Bonomo clicked on a window containing a catalog of facial features and selected BROWS. A horizontal scroll of small boxes containing representations of eyebrows appeared. Sandoval picked the best match, and then a bunch more appeared, all variations on that, and Sandoval picked the best match again. D’Agosta watched as Bonomo went through the exhaustive process of winnowing down the look of the suspect’s eyebrows: shape, thickness, taper, distance between, on and on. Finally, when both Bonomo and Sandoval appeared satisfied, they moved on to the eyes themselves.
“So what’s this perp supposed to have done?” Bonomo asked D’Agosta.
“He’s a person of interest in the murder of a lab technician at the Natural History Museum.”
“Yeah? Of interest how?”
D’Agosta recalled Bonomo’s incurable curiosity about the details behind the faces he had to create. “He used a phony identity to access the Museum’s collections, and perhaps kill a technician. The identity actually belonged to this college professor in Bryn Mawr, Pennsylvania. Doddering old fart with trifocals. He almost soiled his underwear when he learned someone had stolen his identity and was now wanted for questioning in a murder.”

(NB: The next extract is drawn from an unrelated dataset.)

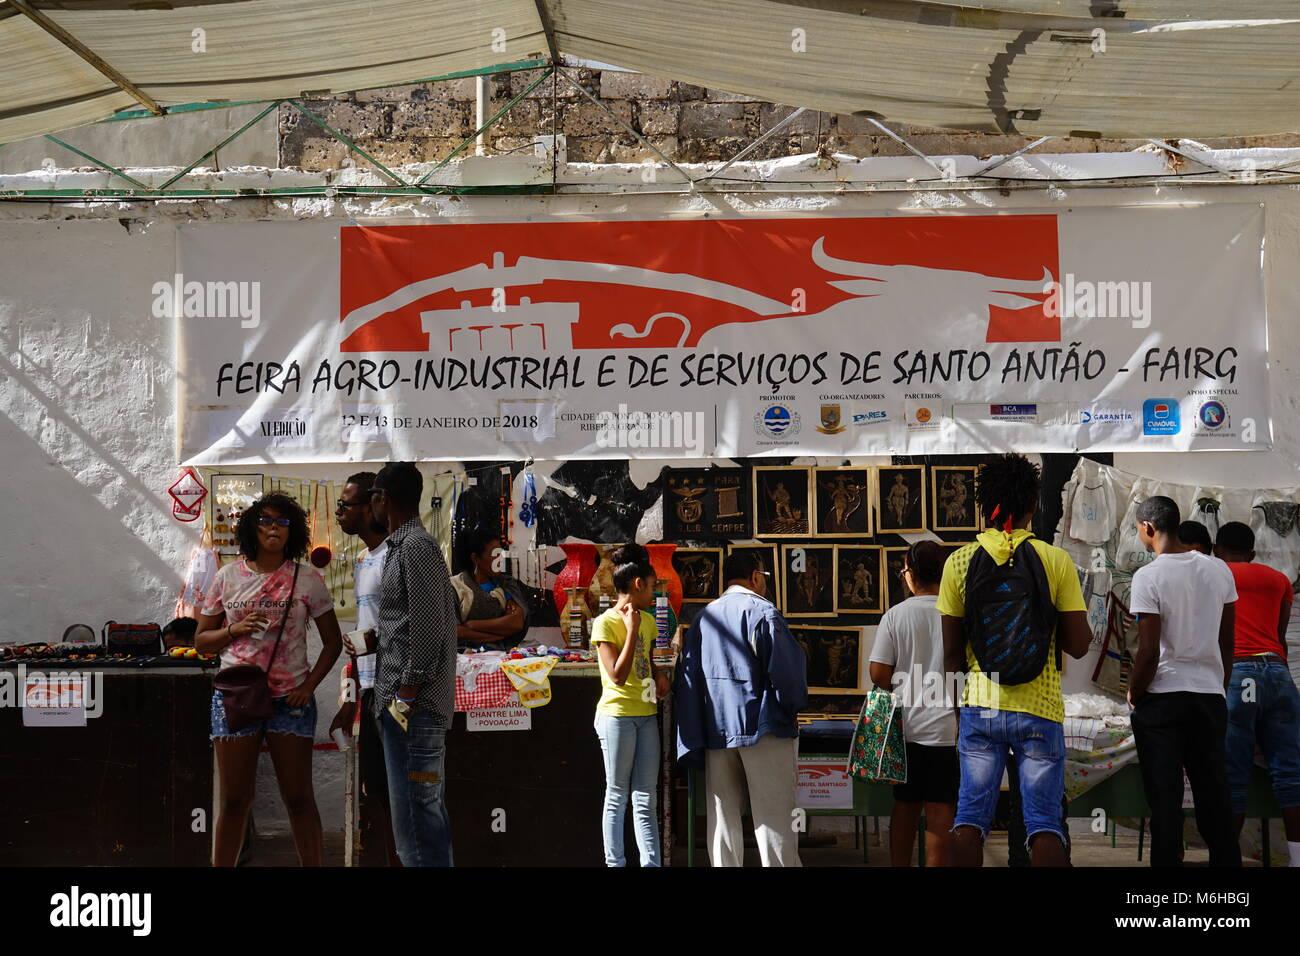 exhibition of region-specific products, Ponta do Sol, Santo Antao, Cape Verde - Stock Image

Bonomo let out another loud bray. “I can just see it.”
D’Agosta hovered as Bonomo went through the interminable process of sharpening the nose, lips, jaw, chin, cheekbones, ears, hair, skin color and pigment, and a dozen other features. But he had a good witness in Sandoval, who had seen the fake scientist on more than one occasion. Finally, Bonomo clicked a button and the Identi-CAD program brought up a series of computer-generated variations of the final face from which Sandoval could choose. Some shading and blending, a few additional tweaks, and then Bonomo sat back with an air of satisfaction like that of an artist completing a portrait.